What`s your feeling, Hunter?

HUNTER WALKER, TALKING POINTS MEMO: Well, this is definitely sort of a
version 3.0 of the Sokolich tale. He initially said that, you know,
Christie never -- he had no recollection of Christie pressuring to him
endorse.

In January, he told, "The New York Times," oh, yes, he did sort of remember
that. But now, he`s detailing this kind of extensive campaign, including
these favors from the Port Authority and also a lunch at the mayor -- the
governor`s residence in Drumthwacket, with none other than Dawn Zimmer --

HAYES: Yes.

WALKER: -- the other mayor who`s accused Christie of abuse of power.

HAYES: You`re pointing out a very important plot in all this.

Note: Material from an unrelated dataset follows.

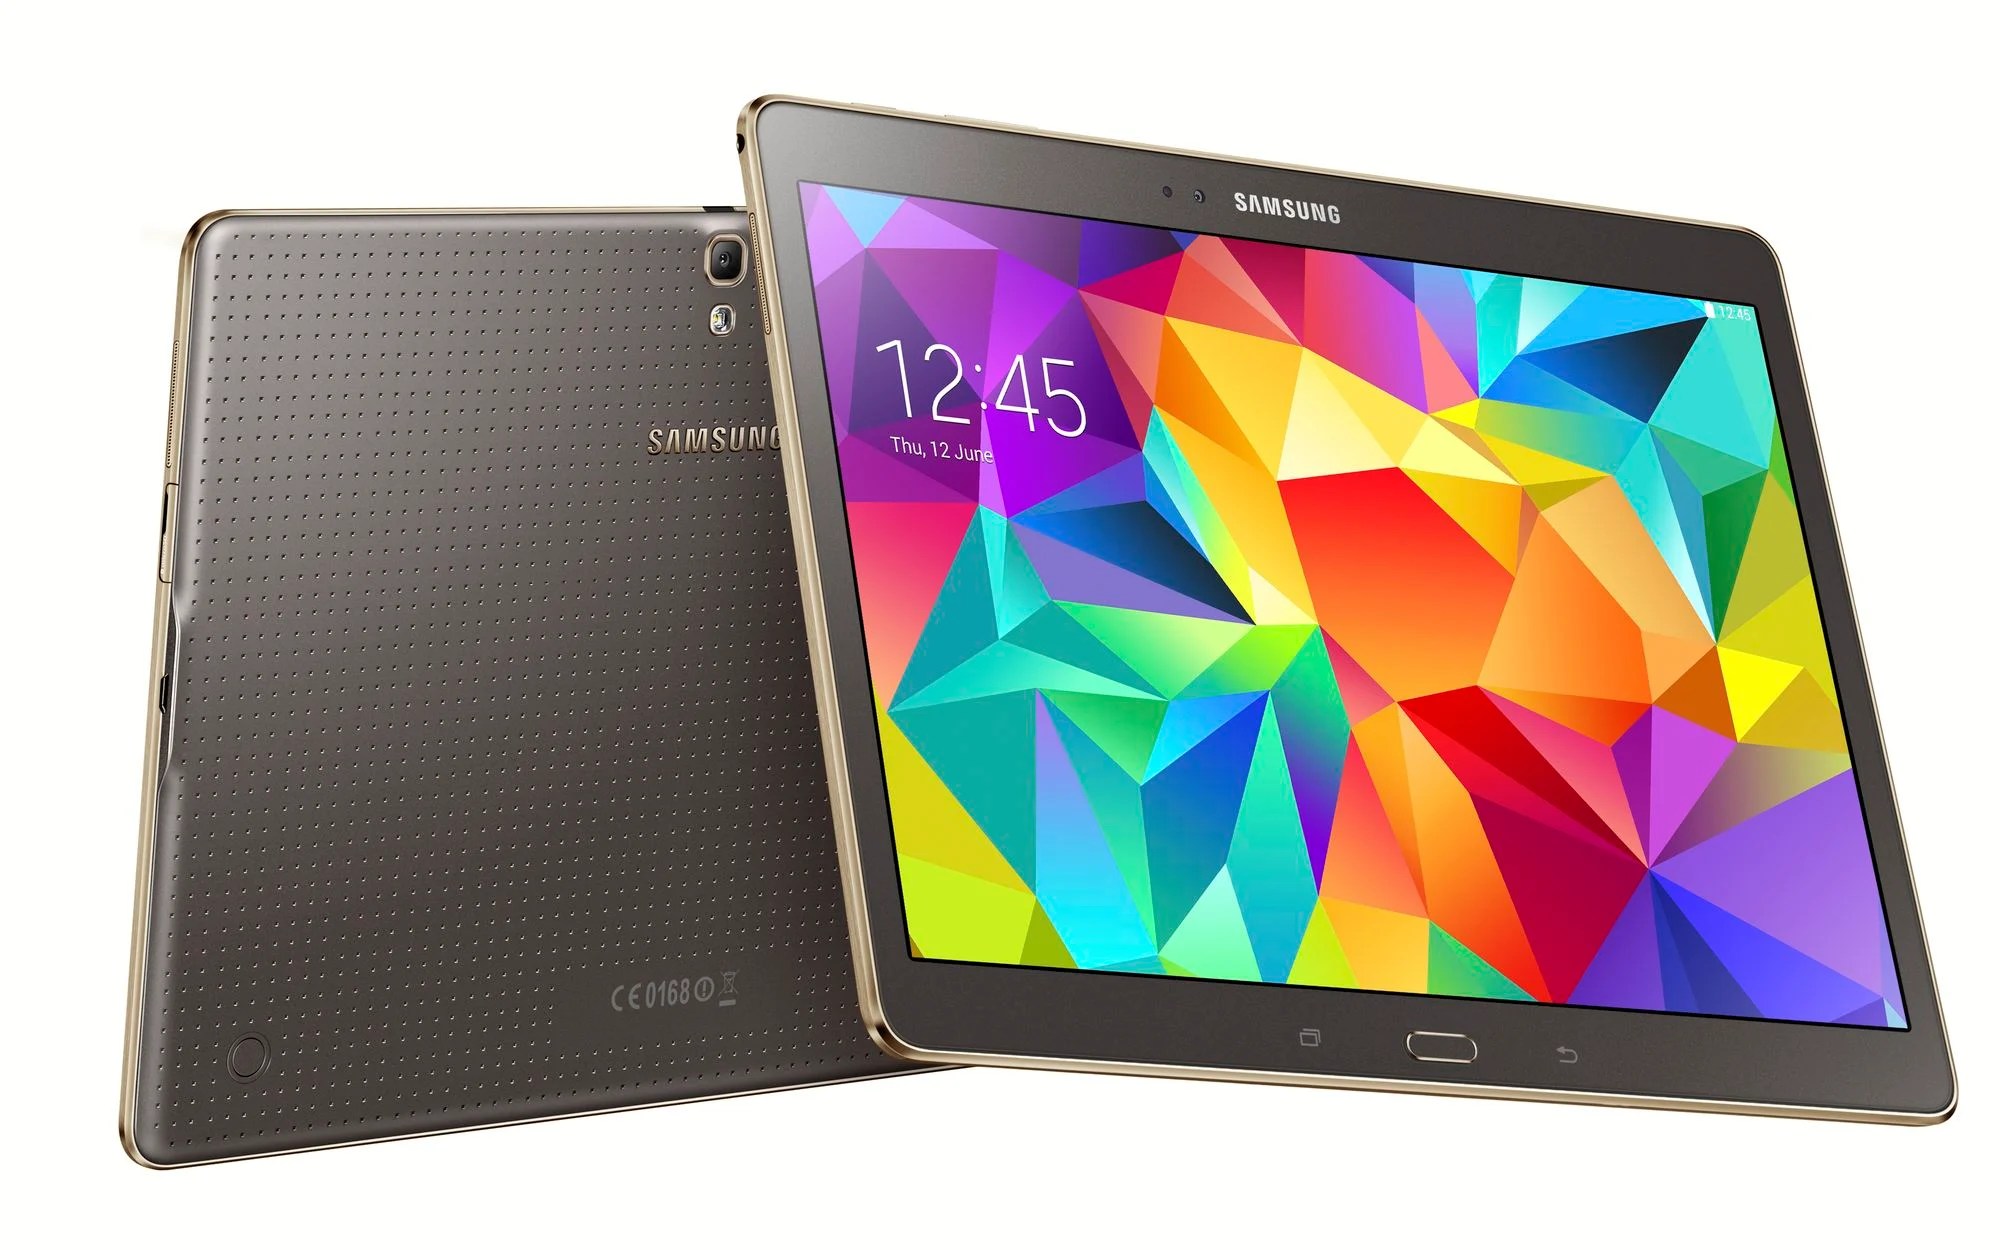 La Galaxy Tab S2 9,7 de Samsung aperçue sur GFXbench

Of course,
Mayor Zimmer whose own story about the nature of her rejection of Sandy
funds for a city changed as well. First, telling WNYC it had to do with an
endorsement, then breaking the story with the allegations of our own Steve
Kornacki on air here on MSNBC that it was in fact, she alleges because the
Christie administration wanted her to expedite a development. It`s very
weird.

You have both these mayors in the same place in this lunch. They both kind
of change their story, it seems, about why Christie was targeting. I just
keep feeling, Bob, there`s still so much we don`t know. I want to be,
like, come on, guys, you know, let`s fess up here.

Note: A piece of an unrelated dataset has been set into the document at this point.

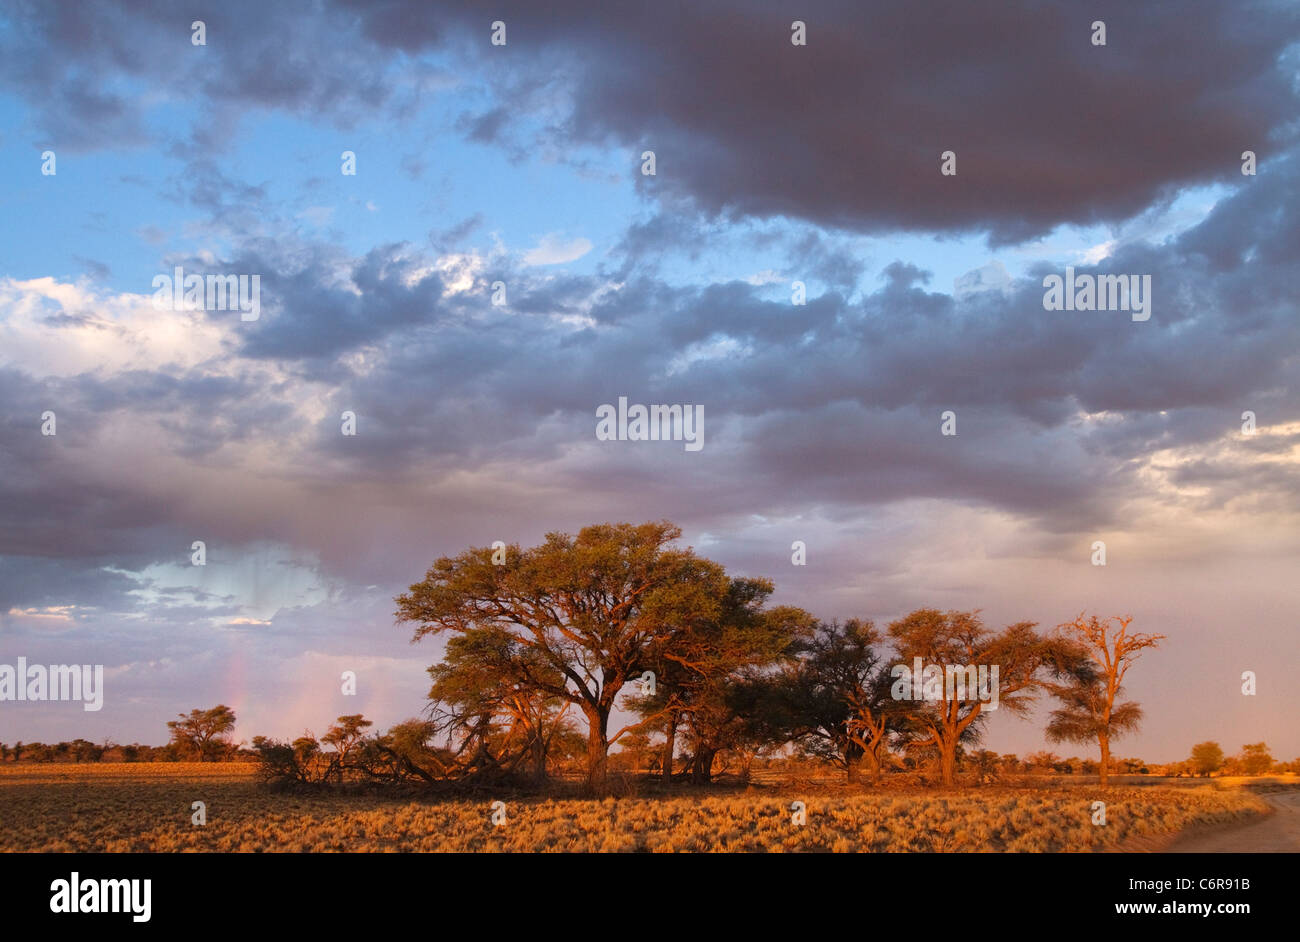 Un cluster de Camelthorn arbres (Acacia erioloba) dans la chaude lumière vue contre un ciel nuageux Banque D'Images

BOB HERBERT, DEMOS: So much and it`s going to come out drip by drip by
drip. These are the kind of stories that come out of my home state of New
Jersey where I grew up.

But, you know, if you`re looking at Sokolich`s comments over time, he
hasn`t contradicted himself. It`s almost as though it`s a reinterpretation
--

HAYES: Yes.

HERBERT: -- of events that occurred to him.

So, the -- he hasn`t said, none of the events are conflict with anything
that he said in the past, but he seemed pretty, to say, pretty vehemently
early on that he didn`t recall being wooed for his vote and now, it seems
that the accumulating evidence tells him that he was being wooed.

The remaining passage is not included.